Guy Marius Sagna: La mauvaise conscience d’une société couchée

Quatre catégories d’individus peuplent notre pays. Il y a celui qui, instruit ou non, constate l’insondable souffrance dans laquelle vit une partie importante du peuple, comprend les mécanismes internes et externes qui la produisent et se bat au quotidien, avec courage et détermination, souvent sans rien attendre en retour, contre les acteurs qui l’entretiennent.

Il y a celui qui, comme le premier, comprend les mécanismes de domination et d’exploitation du peuple par une élite moralement corrompue, mais n’a ni le courage ni la dignité de se battre pour changer l’ordre (ou le désordre) des choses. Dans certains cas il fricote avec les puissants du moment; dans d’autres il capte les richesses résiduelles qui tombent du banquet des voleurs tout en tentant de justifier sa démission ou sa lâcheté par le fait qu’il mène une carrière professionnelle ne lui permettant pas de « dire certaines choses ».

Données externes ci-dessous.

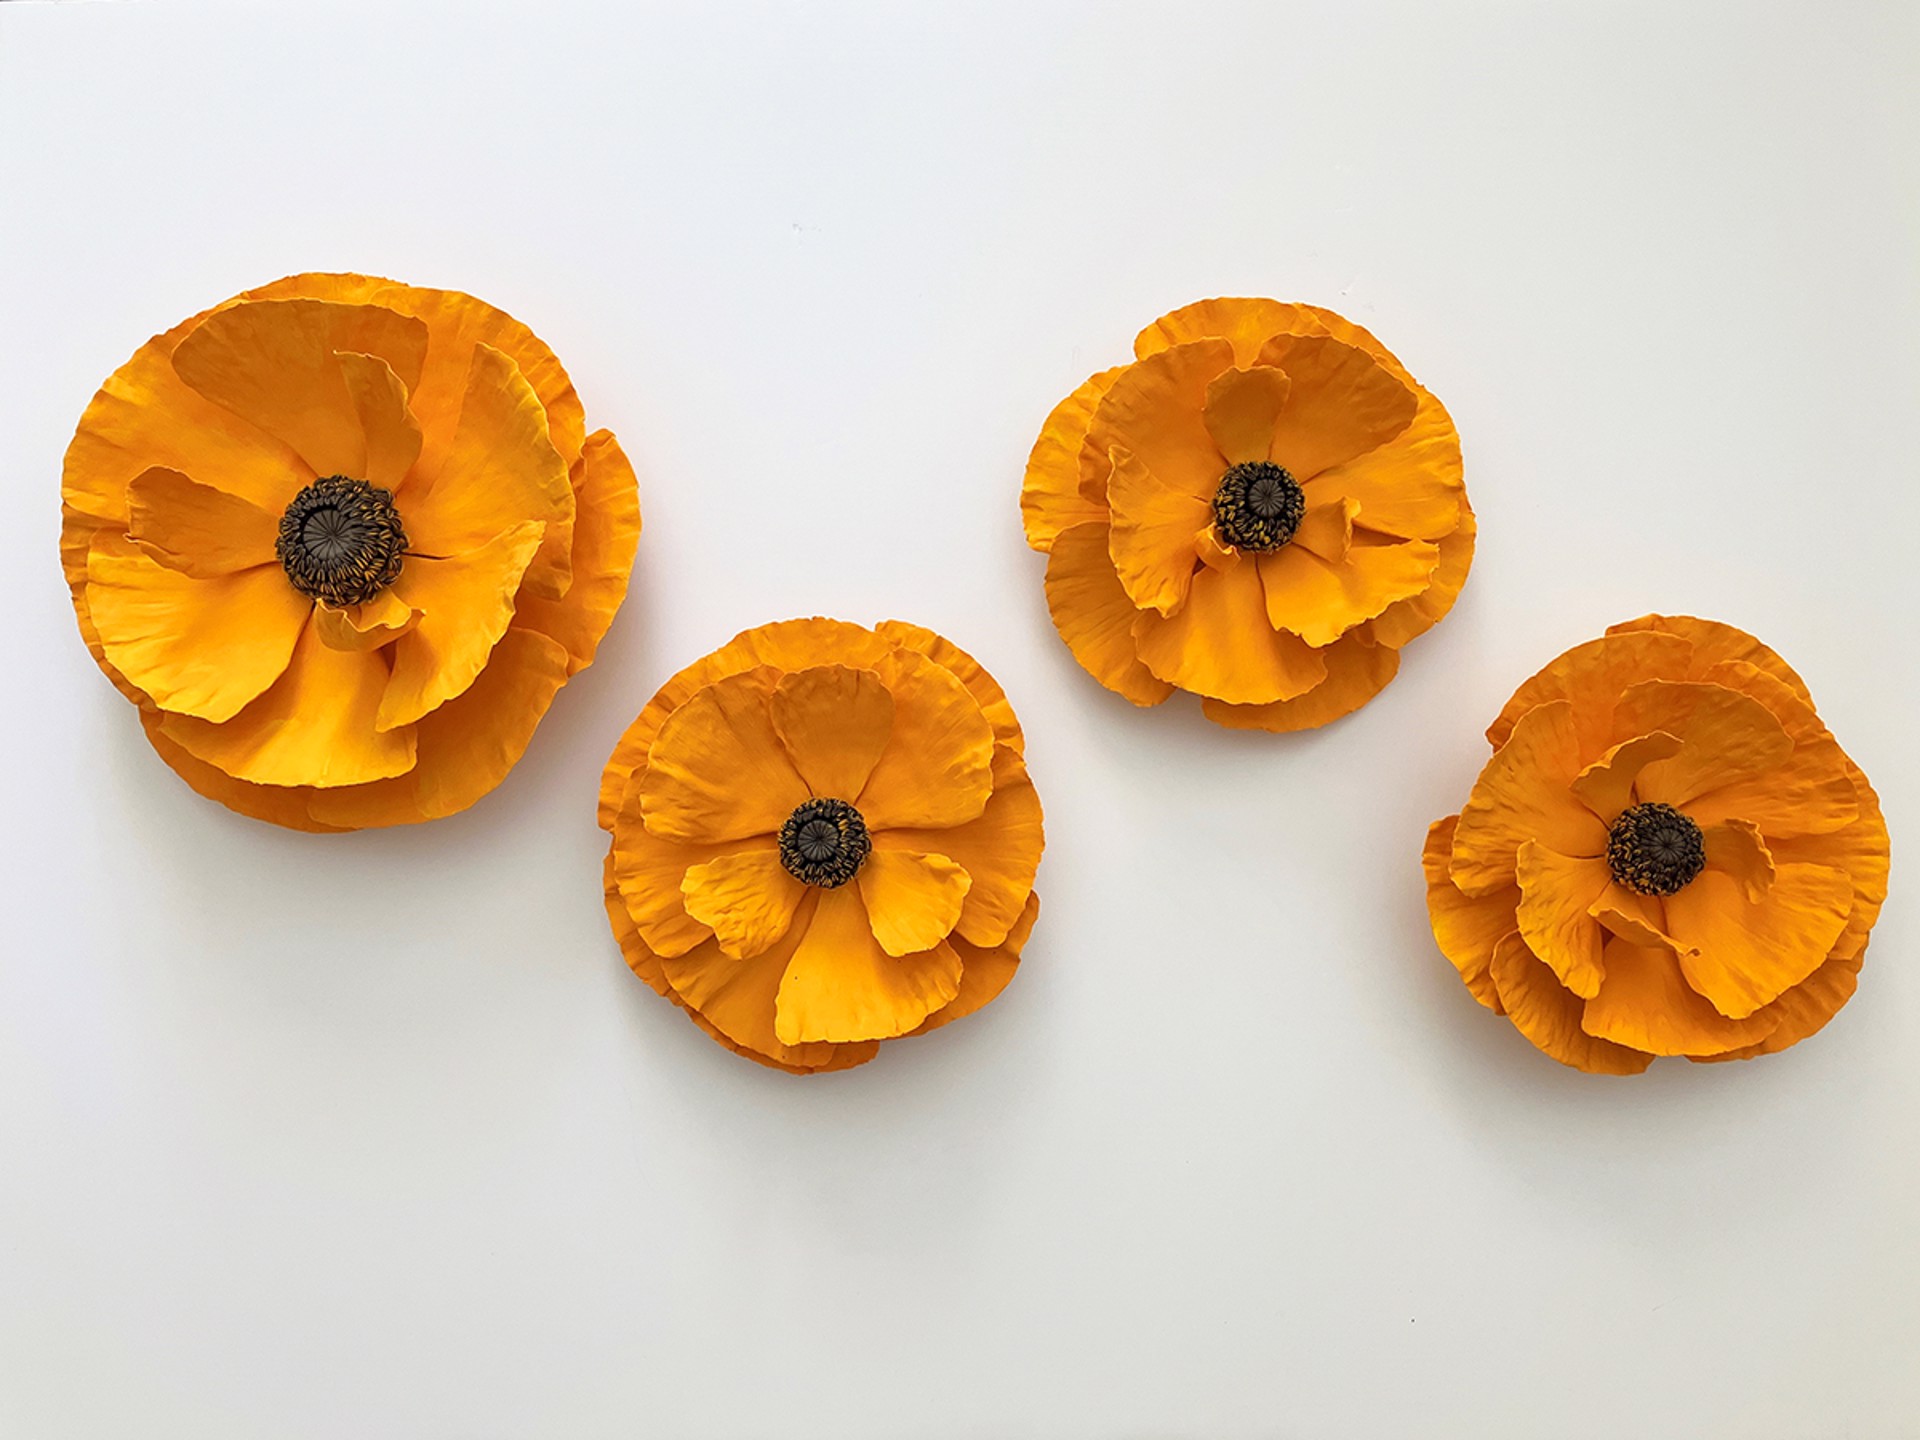 Orange Poppies by Owen Mann

Il y a aussi celui qui n’est ni instruit ni vraiment conscient des enjeux et des subtilités et complexités politiques mais est juste, digne et courageux. Il est présent à tous les combats, à chaque fois qu’il constate que la dignité humaine est bafouée, le droit ou la justice piétinés ou le bien commun détourné.

Il y a en fin celui qui n’a ni la connaissance, ni le courage ni la dignité de se battre pour ou contre quoi que ce soit. Il est enfanté par une société qui ne lui a donné aucune chance, aucune place, aucun choix, aucune perspective. Il est juste là!

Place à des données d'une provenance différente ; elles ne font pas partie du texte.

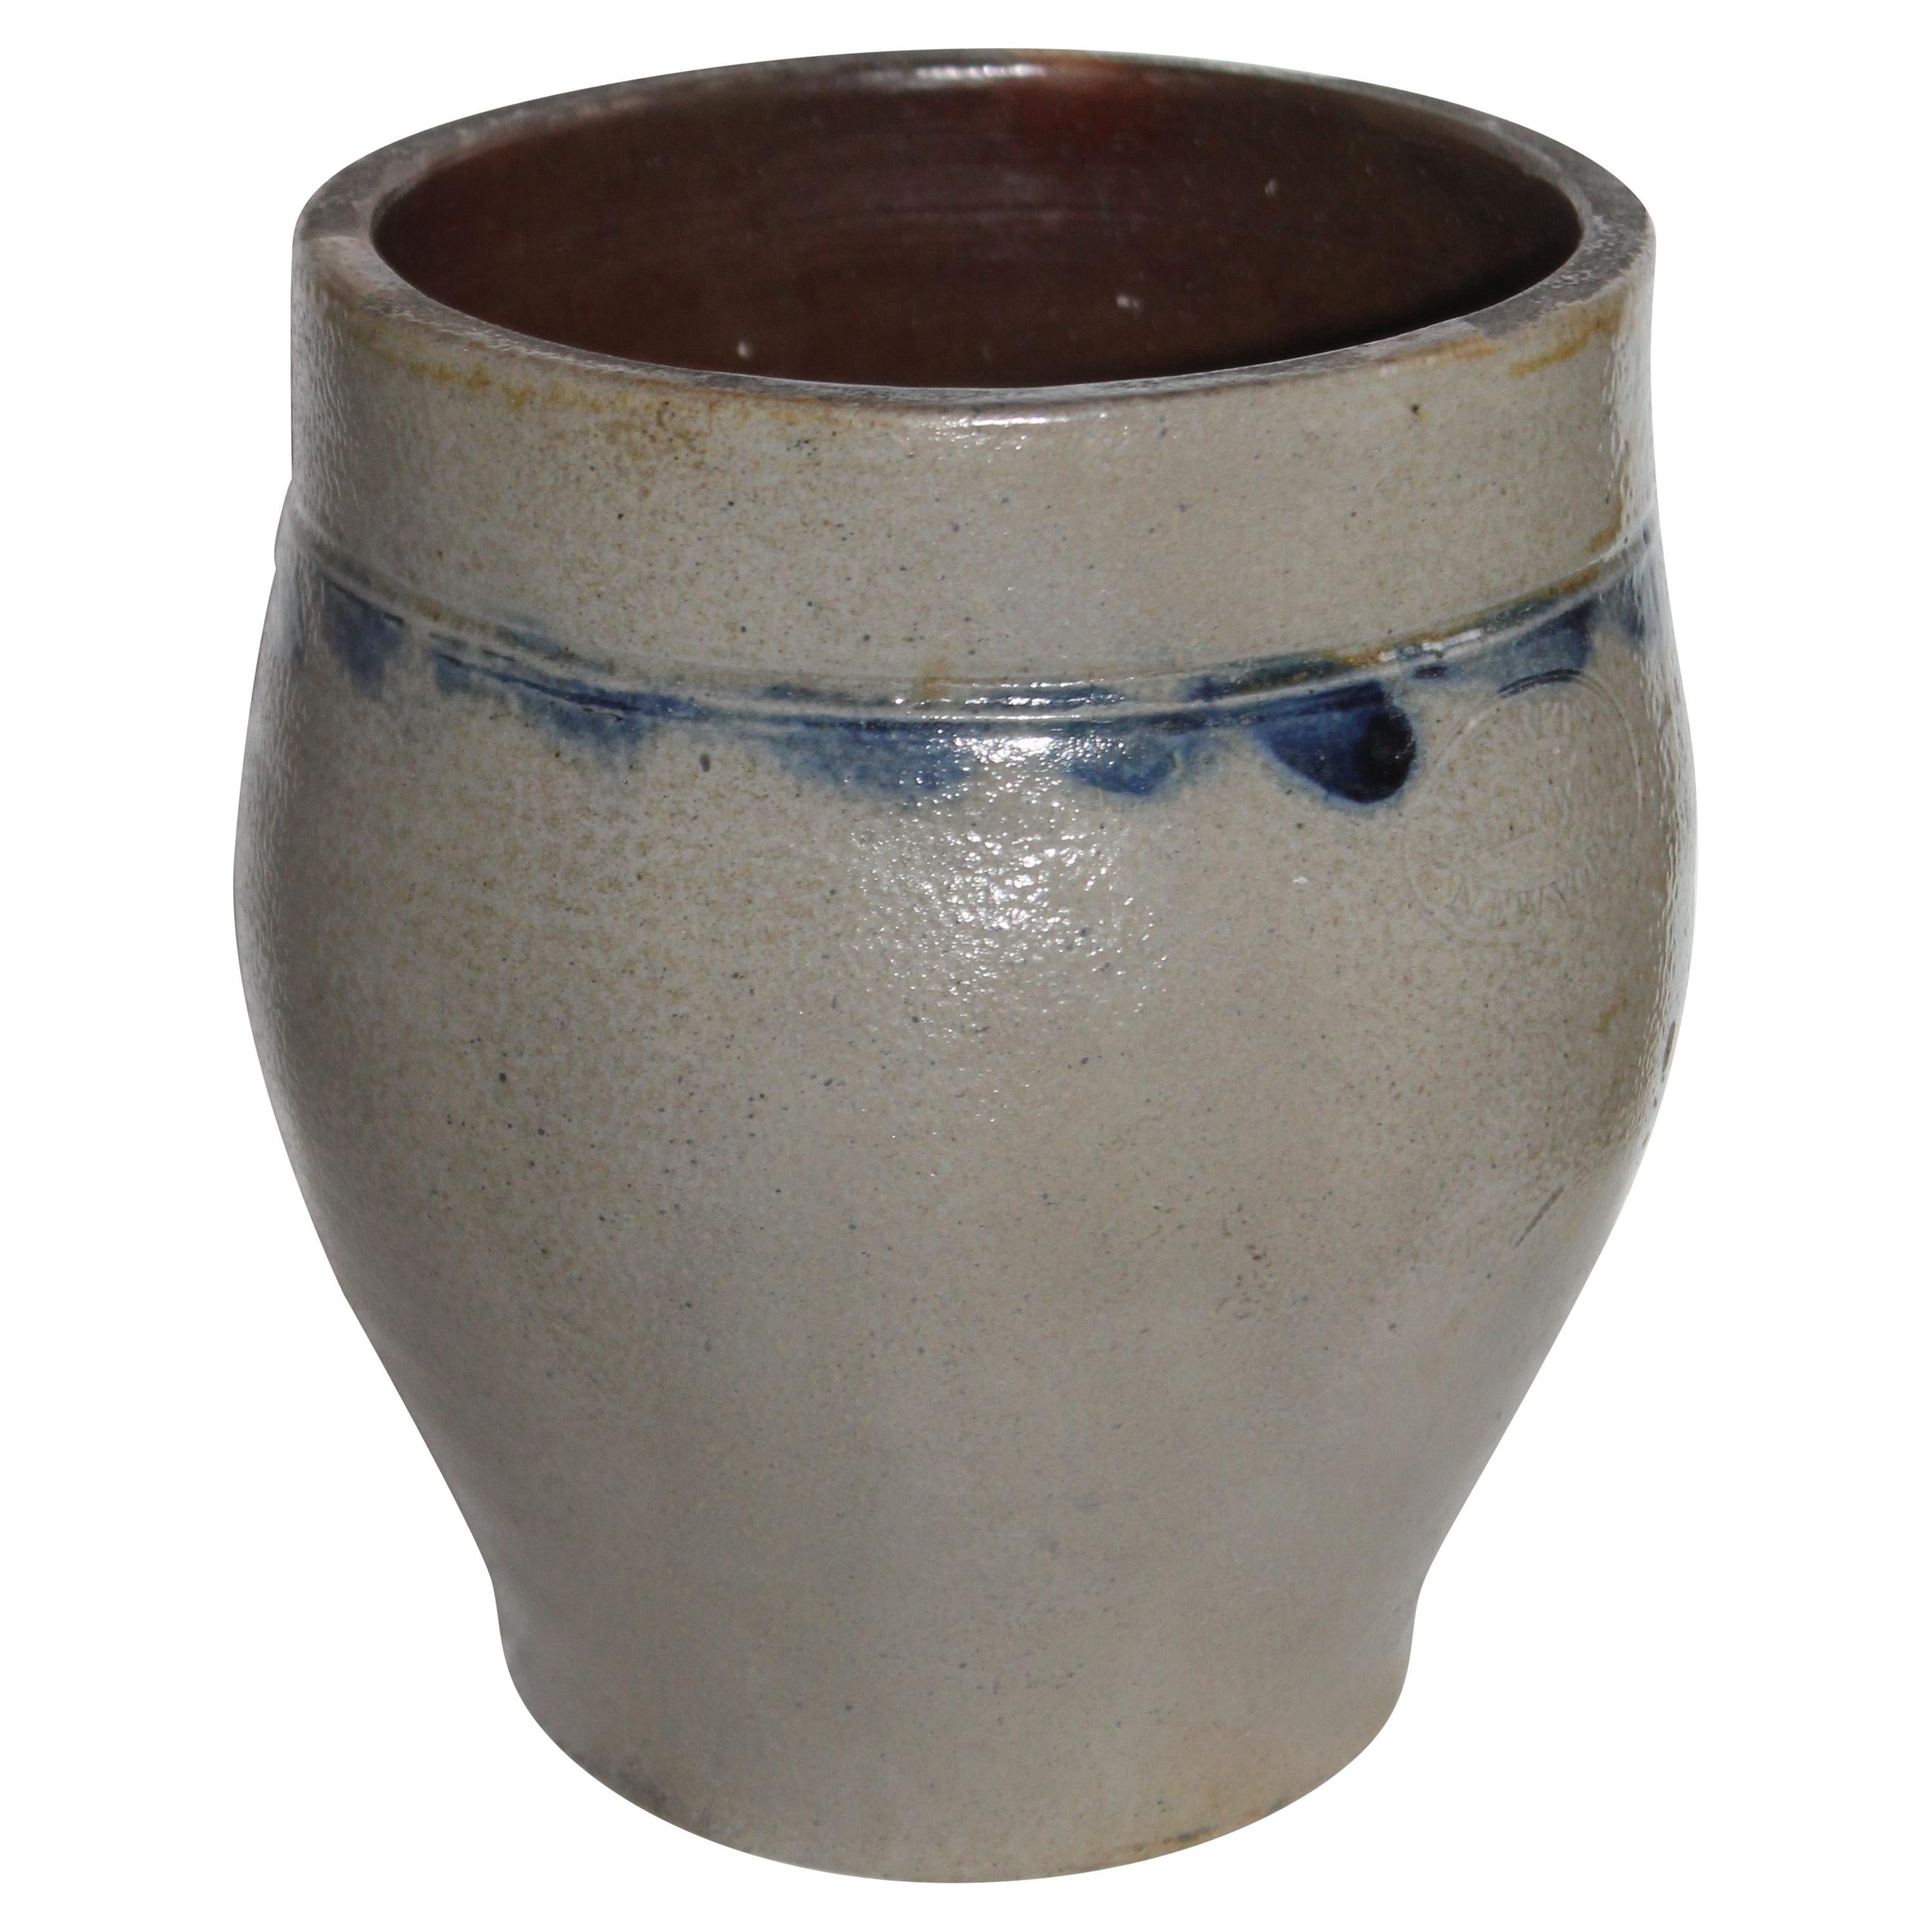 Smith Stoneware Jar Crock from NY

Chacun d’entre nous est en relation avec l’un ou l’autre de ces individus à un moment ou à un autre. Nous devons ajuster notre comportement à leur état qui est presque naturel.

Le premier est un héros qu’il faut soutenir et qui mérite que l’on fasse des sacrifices pour lui. Guy Marius Sagna en est un. Le second est un adversaire qu’il faut combattre par tous les moyens. Le troisième est un allié utile et un soldat qui faut former et intégrer dans les rangs. Et le quatrième est un boulet qu’il faut ignorer.

Chacun doit reconnaître sa classe et émarger à sa place.